Cluster was functional. Creation of pods was successful

soumyalj on 1 Oct 2018

Im experiencing this on all my clusters created by rancher, I see a couple methods to fix, but I don't want to experiment, is there an official way to fix this?

gregkeys on 25 Oct 2018

@galal-hussein I'm at a point of having to rebuild 20 nodes to fix this error and would like to avoid that if possible. Can you clarify the steps to correct this problem.

How do I decode and replace cert/key pair on each node, can I do this with kubectl, or do I need to ssh into each node.

gregkeys on 18 Nov 2018

Either this issue still exists today, or I'm doing something terribly wrong.

os: Ubuntu 16.04.5 LTS
rke: v0.1.16
docker: 17.03.3-ce
kubernetes: v1.11.6
provider: VirtualBox via Vagrant

Vagrantfile

Vagrant.configure("2") do |config|
  config.ssh.insert_key = false
  config.ssh.private_key_path = ["~/.vagrant.d/insecure_private_key", "~/.ssh/id_rsa"]
  config.vm.provision :file, source: "~/.ssh/id_rsa.pub", destination: "~/.ssh/authorized_keys"

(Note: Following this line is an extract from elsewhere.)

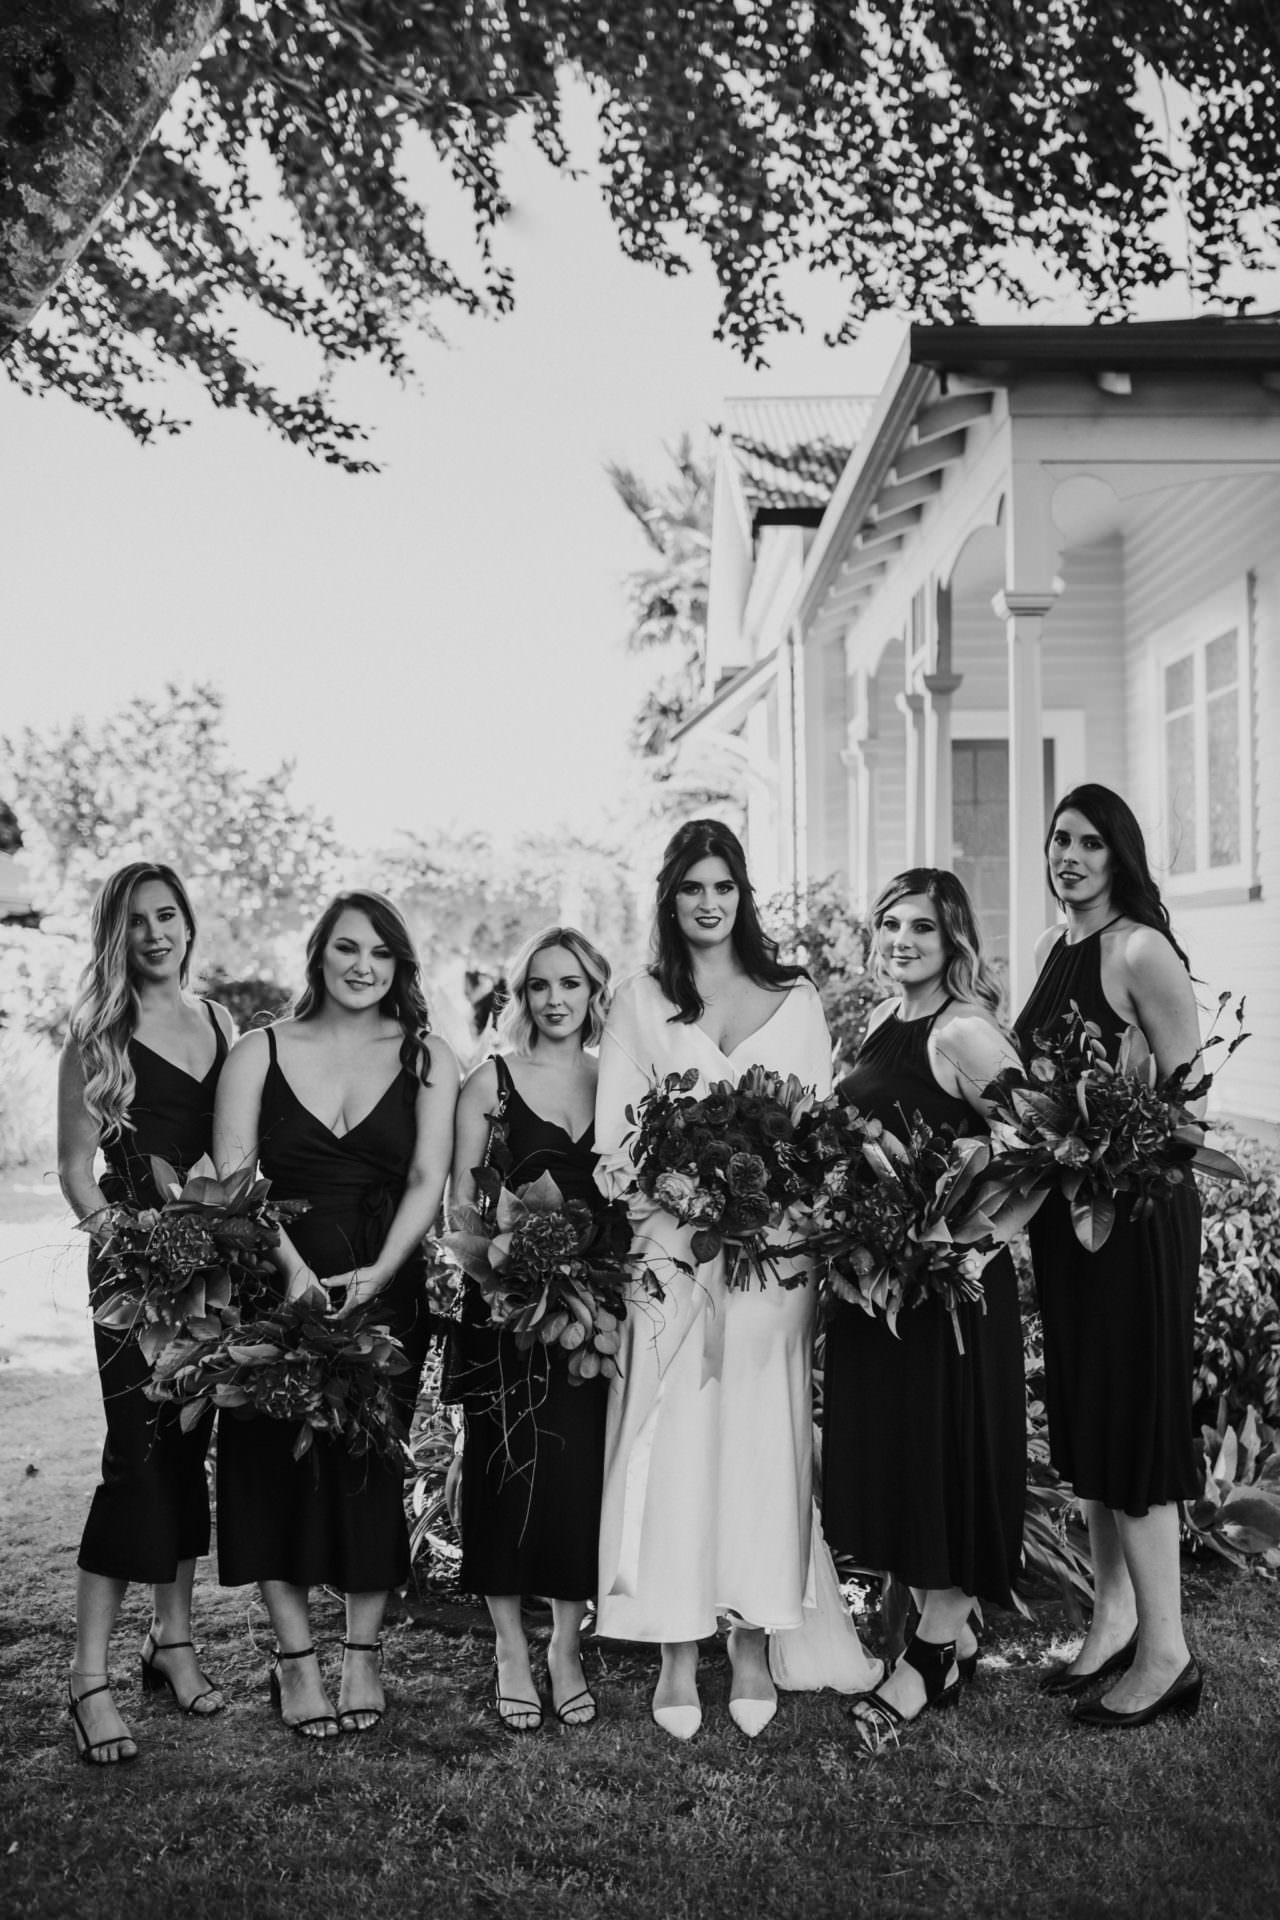 Bride and Bridesmaids in black dresses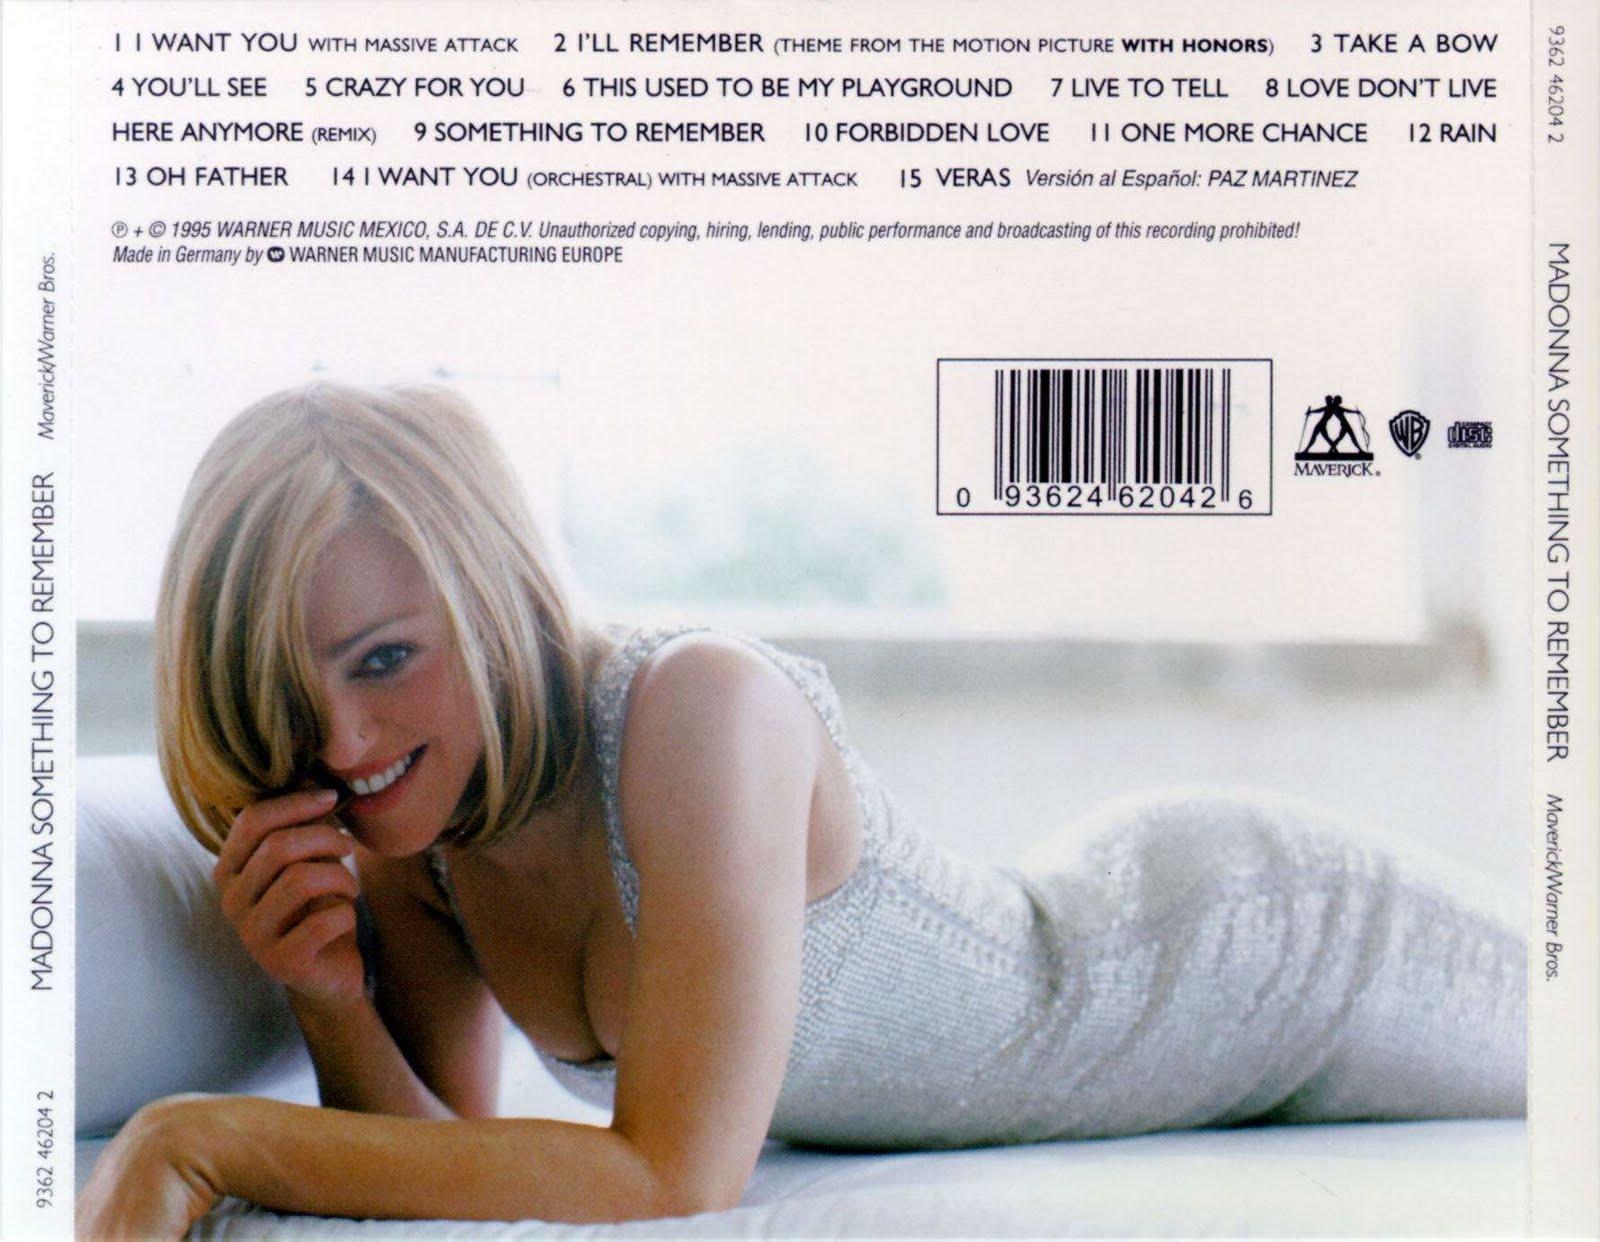 http://4.bp.blogspot.com/_iq2dPelCNxM/THBK4qynfnI/AAAAAAAAAQU/_uwaS0SCpoA/s1600/Madonna-Something-To-Remember-Trasera.jpg

  config.vm.define "node-0" do |c|
    c.vm.box = "ubuntu/xenial64"
    c.vm.network :private_network, ip: "192.168.50.10"
    c.vm.provider :virtualbox do |vb|
      vb.cpus = 2
      vb.memory = "4096"
      vb.customize ["modifyvm", :id, "--uartmode1", "disconnected"]
    end
  end
  config.vm.define "node-1" do |c|
    c.vm.box = "ubuntu/xenial64"
    c.vm.network :private_network, ip: "192.168.50.11"
    c.vm.provider :virtualbox do |vb|
      vb.cpus = 2
      vb.memory = "4096"
      vb.customize ["modifyvm", :id, "--uartmode1", "disconnected"]
    end
  end
end

RKE cluster.yml

ssh_key_path: <homdir>/.ssh/id_rsa
ignore_docker_version: false

nodes:
  - address: 192.168.50.10
    user: vagrant
    port: 22
    role: [controlplane,worker,etcd]
  - address: 192.168.50.11
    user: vagrant
    port: 22
    role: [controlplane,worker,etcd]

services:
  etcd:
    snapshot: true
    creation: 6h
    retention: 24h

Result:

The 2-node cluster comes up provision and, shortly thereafter, the API intermittently stops responding. Inside the VMs, I noticed that kube-apiserver continually causes CPU spikes.

After checking the logs for both instances I noticed that the metrics-server is most likely causing this issue:

For reference: this show logs of both kube-apiserver containers where the top pane is the VM trying to contact to metric-server running on the other node (bottom pane)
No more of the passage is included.